Author: William Denton
Publisher:
Published: 1863
Total Pages: 384
ISBN-13:
DOWNLOAD EBOOKAuthor:
Publisher:
Published: 1905
Total Pages: 742
ISBN-13:
DOWNLOAD EBOOKAuthor: James Sully
Publisher:
Published: 1896
Total Pages: 542
ISBN-13:
DOWNLOAD EBOOKAuthor: Phillip Prodger
Publisher: Oxford University Press
Published: 2003
Total Pages: 310
ISBN-13: 9780195149630
DOWNLOAD EBOOK"The photographs and objects featured in the catalogue are drawn largely from the collection of the Cantor Center and are supplemented with a selection of rare stop-action photographs from other private and public collections, including seldom-seen examples from Central and Eastern Europe.
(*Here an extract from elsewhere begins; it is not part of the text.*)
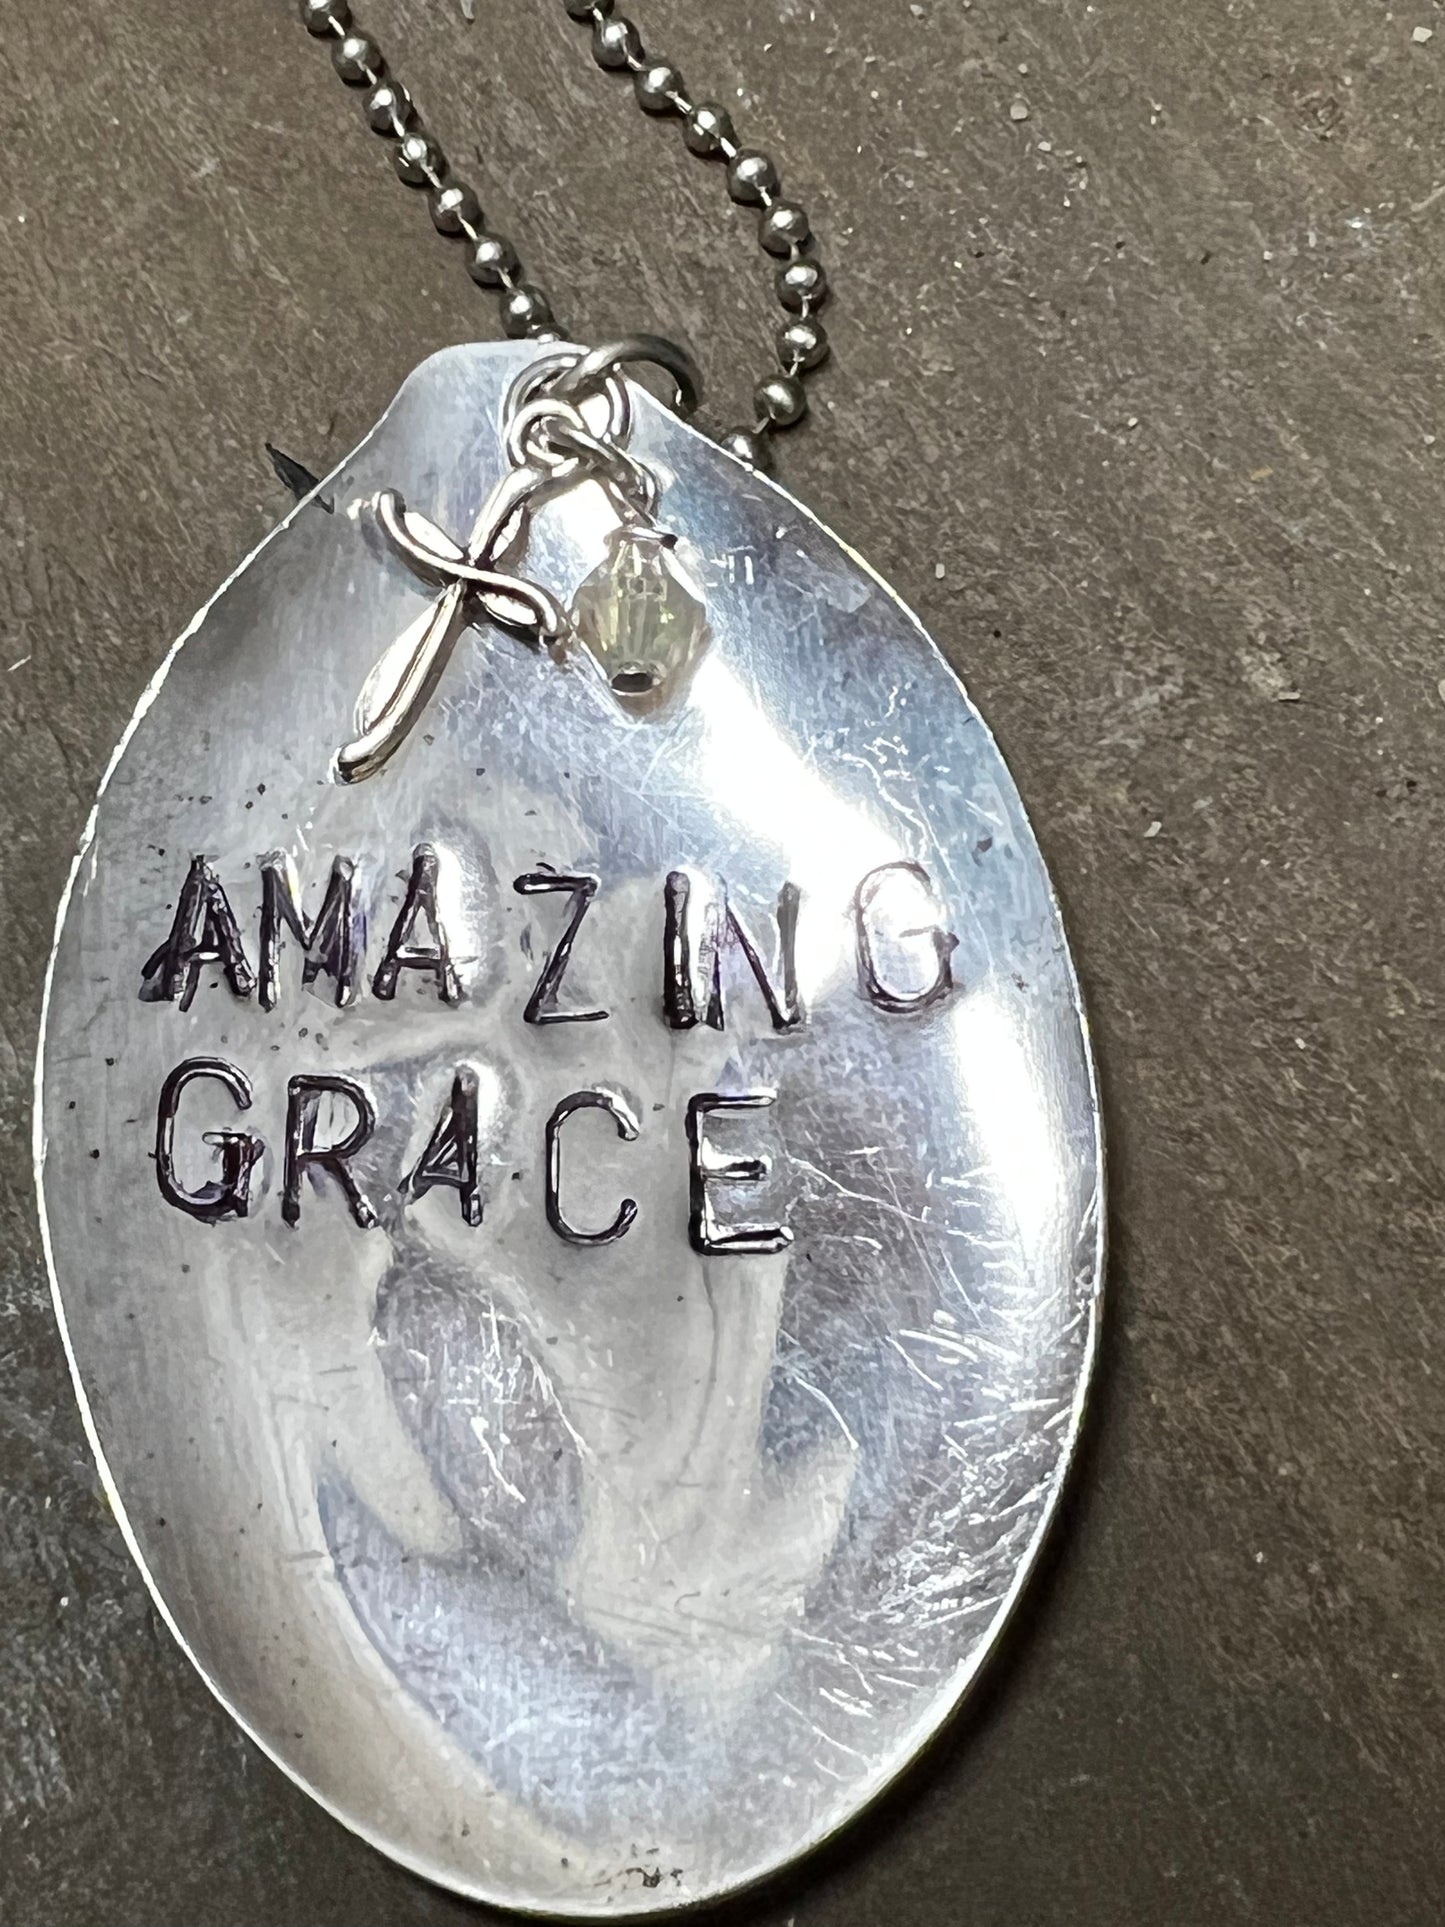 Necklace, Ball Chain W/Charms, AMAZING GRACE

Among those represented are Le Gray, Llewelyn, Talbot, Rejlander, Marey, Eakins, Londe, Anschutz, and many more."--Book jacket.
Author: Charles Marvin
Publisher:
Published: 1892
Total Pages: 390
ISBN-13:
DOWNLOAD EBOOKAuthor: David Wills
Publisher: U of Minnesota Press
Published: 2008
Total Pages: 282
ISBN-13: 0816653453
DOWNLOAD EBOOKIn this highly original book David Wills rethinks not only our nature before all technology but also what we understand to be technology. Rather than considering the human being as something natural that then develops technology, Wills argues, we should instead imagine an originary imbrication of nature and machine that begins with a dorsal turn-a turn that takes place behind our back, outside our field of vision. With subtle and insightful readings, Wills pursues this sense of what lies behind our idea of the human by rescuing Heidegger’s thinking from a reductionist dismissal of technology, examining different angles on Lvinas’s face-to-face relation, and tracing a politics of friendship and sexuality in Derrida and Sade. He also analyzes versions of exile in Joyce’s rewriting of Homer and Broch’s rewriting of Virgil and discusses how Freud and Rimbaud exemplify the rhetoric of soil and blood that underlies every attempt to draw lines between nations and discriminate between peoples. In closing, Wills demonstrates the political force of rhetoric in a sophisticated analysis of Nietzsche’s oft-quoted declaration that “God is dead.” Forward motion, Wills ultimately reveals, is an ideology through which we have favored the front-what can be seen-over the aspects of the human and technology that lie behind the back and in the spine-what can be sensed otherwise-and shows that this preference has had profound environmental, political, sexual, and ethical consequences. David Wills is professor of French and English at the University of Albany (SUNY). He is the author of Prosthesis and Matchbook: Essays in Deconstruction as well as the translator of works by Jacques Derrida, including The Gift of Death.